The statute provides successful claimants compensation for each year of incarceration, as well as for any fine, penalty, court costs, or restitution paid as a result of the wrongful conviction. It also includes a fee-shifting provision, providing reasonable attorney fees for bringing a successful claim.



         I.          Petitioners' constitutional claim, although couched in procedural terms, depends on the assumption that criminal defendants have a substantive due process right to an automatic, unqualified judgment against the State for monetary amounts paid pursuant to an overturned conviction. Yet Petitioners neither clearly describe the contours of that claimed substantive right nor establish that it is deeply rooted in historical tradition. They have therefore failed to establish that the substantive due process doctrine grants them the right they seek to enforce in this case.

         II.        Petitioners' claim also fails under the analysis that applies to questions of procedural due process.

                                                                                      A.   The procedural claim at issue here is governed by Medina v. California. Petitioners seek to mandate, as part of the criminal process, a compensatory mechanism for criminal defendants whose convictions are overturned. Because the Medina-Patterson test applies to procedures within the criminal process, it governs this case.

                                                                                      B.   Petitioners' claim fails the Medina-Patterson test. There was no settled historical right to an automatic, unqualified monetary judgment against the State any time a criminal defendant's conviction was overturned, and the procedures of Colorado's Exoneration Act do not offend fundamental fairness in operation.

         C.        The Petitioners' claim fails for three reasons. First, because Petitioners' right to compensation is contingent and equitable, the State need only provide them an ordinary judicial process such as a civil action for damages. Second, Colorado minimizes the risk that criminal defendants will be inequitably deprived of property or liberty through numerous pre- and post-deprivation procedures. These procedures are effective, as statistics from Colorado's judicial branch demonstrate. Third, Colorado has an interest in ensuring that compensation paid to criminal defendants comports with notions of equity. The Exoneration Act serves that interest; Petitioners' claimed automatic right to compensation does not.
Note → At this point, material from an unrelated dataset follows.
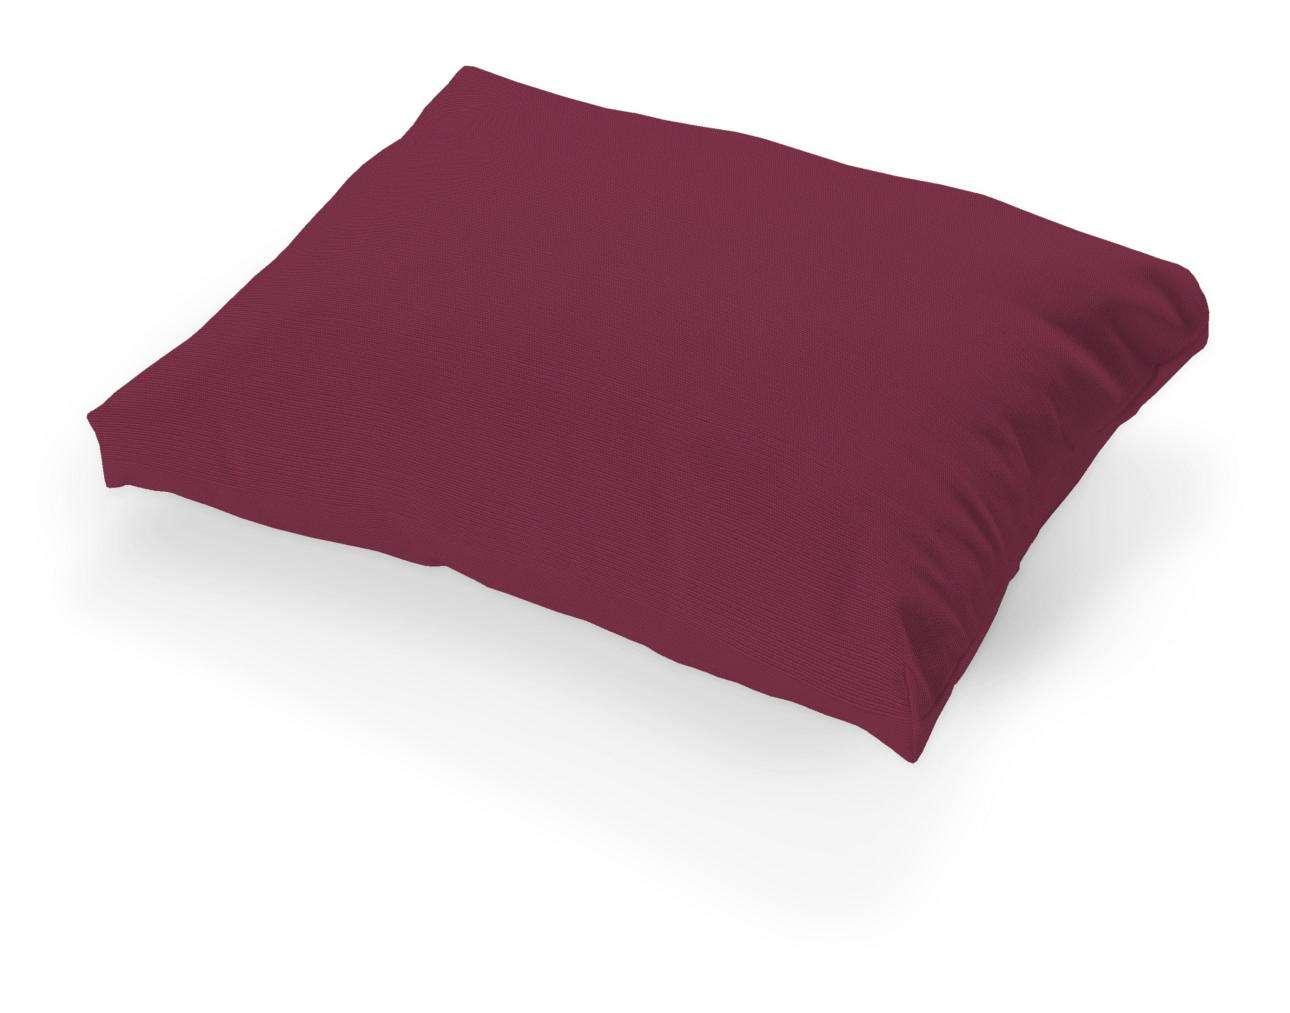 Tylösand pagalvėlės užvalkalas Tylösand pagalvėlė kolekcijoje Cotton Panama, audinys: 702-32

III. Petitioners' other miscellaneous arguments are flawed. First, Petitioners' characterization of modern practice is inaccurate, and they cannot demonstrate the sort of overwhelming consensus in favor of their position that would require setting aside the standard due process analysis. Second, Petitioners' reliance on cases decided in the tax context ignore that, in those cases, the government denied any pre­deprivation process. Those cases do not apply to the criminal context, in which defendants' rights are protected by numerous specialized procedures. Third, Colorado bears the burden to prove criminal liability beyond a reasonable doubt. Petitioners' argument to the contrary fails to distinguish between criminal trials and procedures for awarding compensation to criminal defendants. Fourth, the monetary assessments at issue here cannot all be described as fines or penalties. They each serve distinct purposes unrelated to criminal punishment. Most significantly, Petitioners fail to recognize the unique nature of restitution, for which Petitioners' proposed automatic refunds are particularly inappropriate.



The judgment of the Colorado Supreme Court should be affirmed.